Chad Campbell was among those who took a detour to Pinehurst for a practice round before the U.S. Open next month. Along with noticing some tee boxes moved back, Campbell said the rough was down and the grass sparse in spots.
"There's a little work that needs to be done," Campbell said. "They're sodding around some of the greens. The Bermuda (grass) didn't come in because of all the weather, so there's not much rough right now. They need some rain and hot weather."
Temperatures were in the 80s during the final round at Quail Hollow. Help might be on the way.
DOWN FROM THE BOOTH: The results might not show it yet, but Paul Azinger says he is having no trouble making the transition to the broadcast booth as an analyst for ABC Sports.
Azinger has played 10 times and made six cuts, and his best chance was his first tournament, when he started the final round of the Sony Open three shots out of the lead and tied for 17th.
But he was encouraged by his last four weeks, where he made the cut each time and tied for 21st in New Orleans.
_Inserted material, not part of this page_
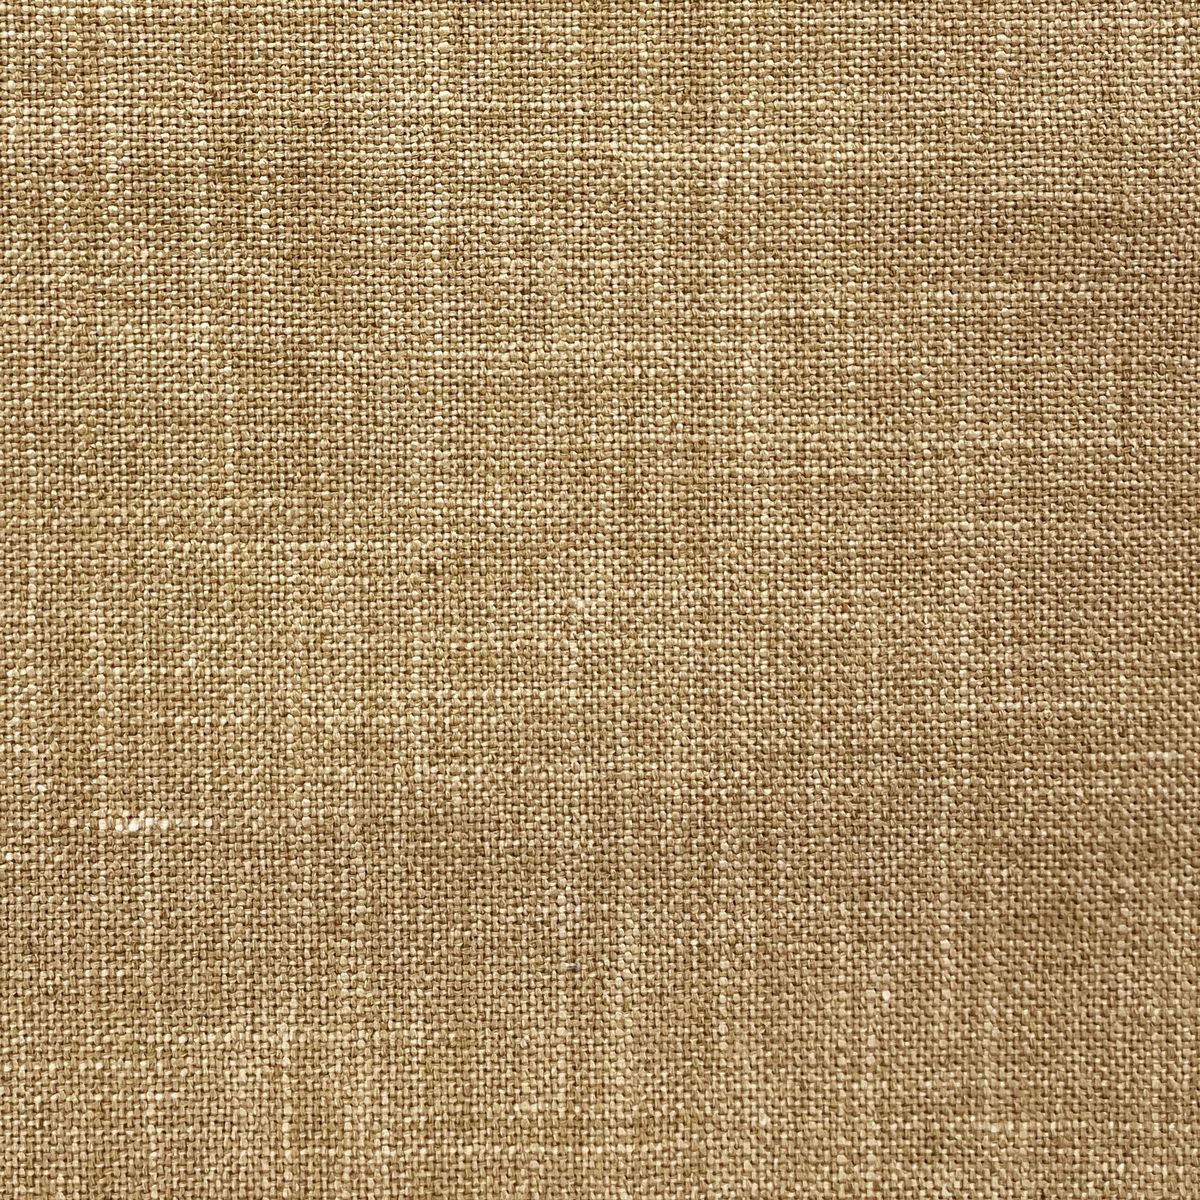 Cotswold Jute Fabric by Chatham Glyn
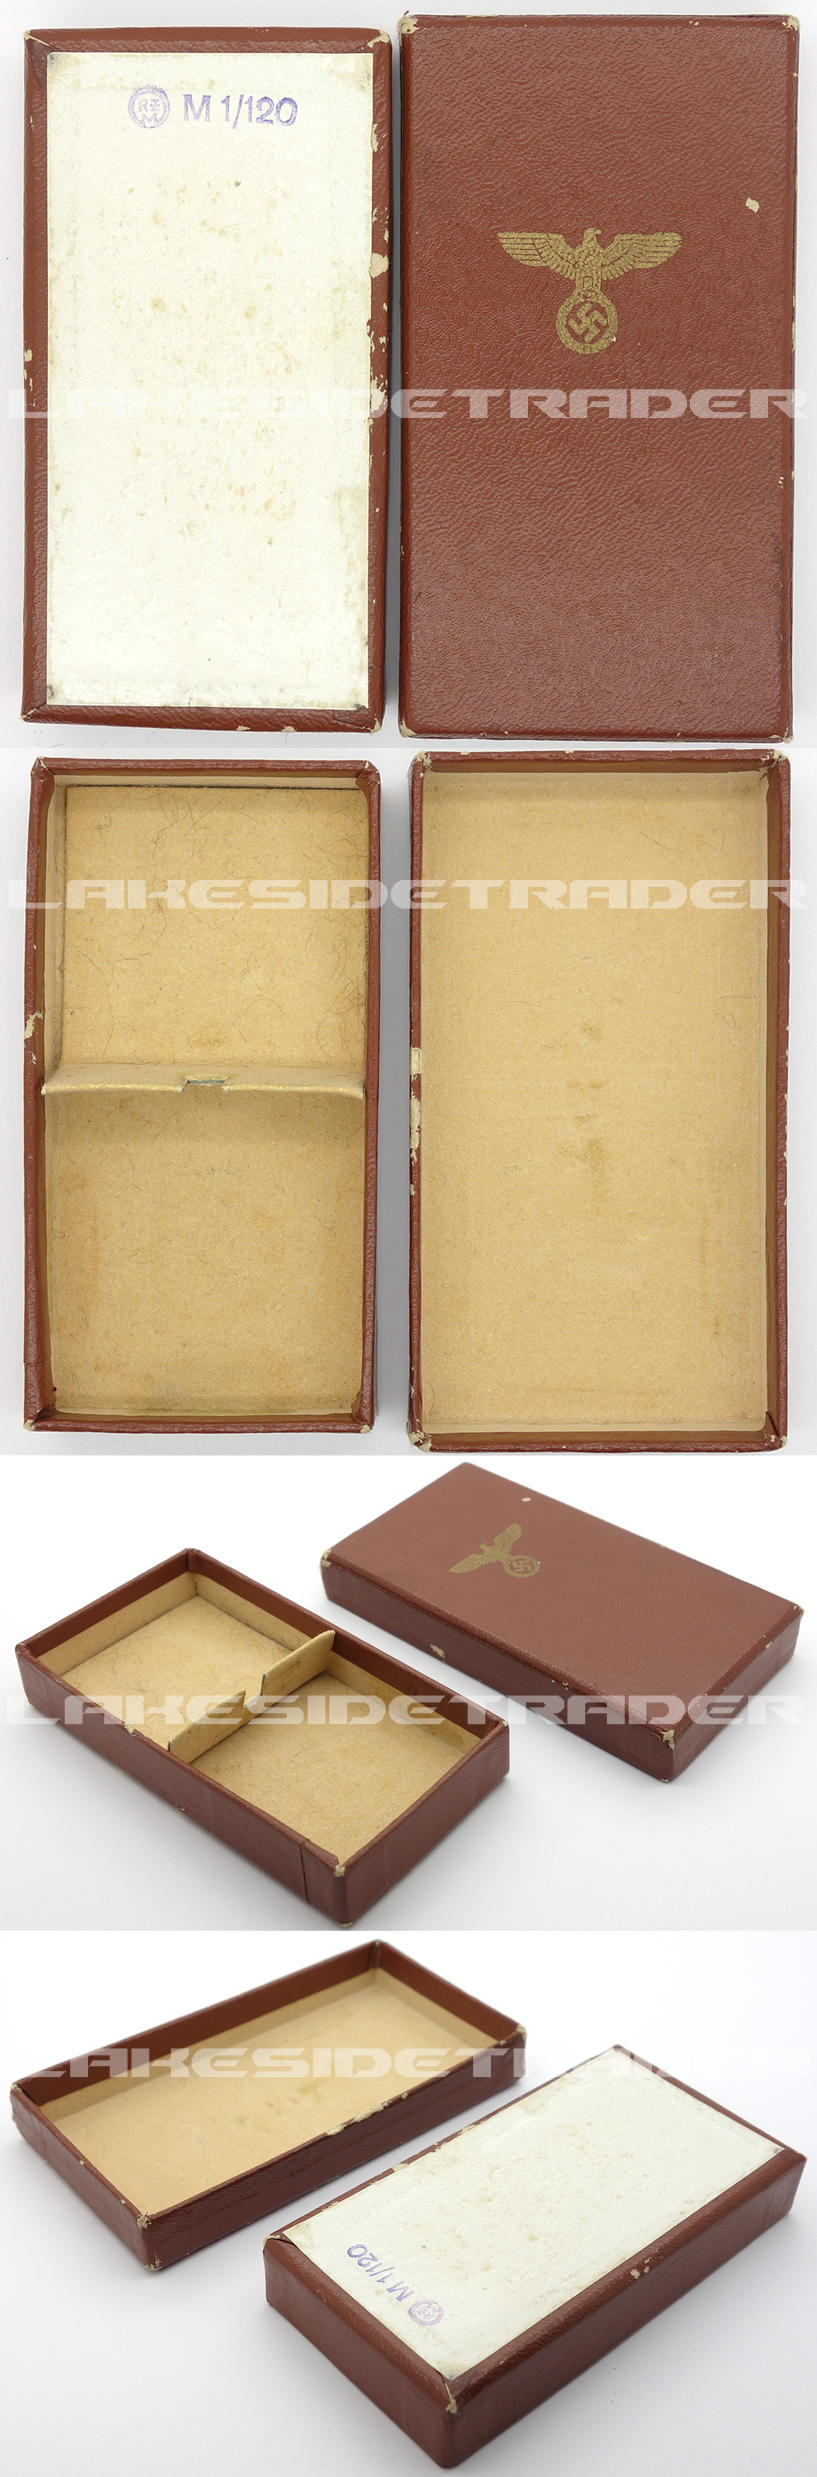 Case for a NSDAP 10yr Service Award by RZM M1/120

"What I'm finding is that I found my golf swing," Azinger said after a tie for 56th in the Wachovia Championship. "I've just got to figure out how to score. I three-putted nine greens this week. It's too bad, because I struck it really well. I just putted like a donkey."
ABC has not televised a PGA Tour event since the Match Play Championship the last week of February. Azinger, who is 137th on the money list, will play Memphis and Memorial before ABC resumes its coverage at the Booz Allen Classic, and he plans to play Congressional, too.
"I've had no trouble compartmentalizing the two," Azinger said. "Shifting gears, initially, was tough. But once I'm doing the golf, I'm completed engulfed in golf. And broadcasting is another entity. It's not like I finish my round, put on a tie and go into the booth."
DIVOTS: Jack Nicklaus will be playing tournament golf in consecutive weeks - first at the Memorial, beginning June 2, then the Bayer Challenge outside Kansas City, Mo., on the Champions Tour at a course he designed.... Fred Couples tied for second in the SK Telecom Open in South Korea and moved up to No. 35 in the world. Couples will lose points over the next month, and he needs to stay in the top 50 to be exempt for the U.S. Open.... Annika Sorenstam not only lost her streak of 43 rounds at par or better, it was her first finish over par in a 72-hole event in 25 tournaments dating to the 2003 John Q. Hammons Hotel Classic in Tulsa, Okla.
STAT OF THE WEEK: The last 12 stroke-play events on the PGA Tour have been decided on the last hole, eight of them in playoffs.
FINAL WORD: "There are plenty of big hitters that aren't good players." - Padraig Harrington, asked whether golf was all about power.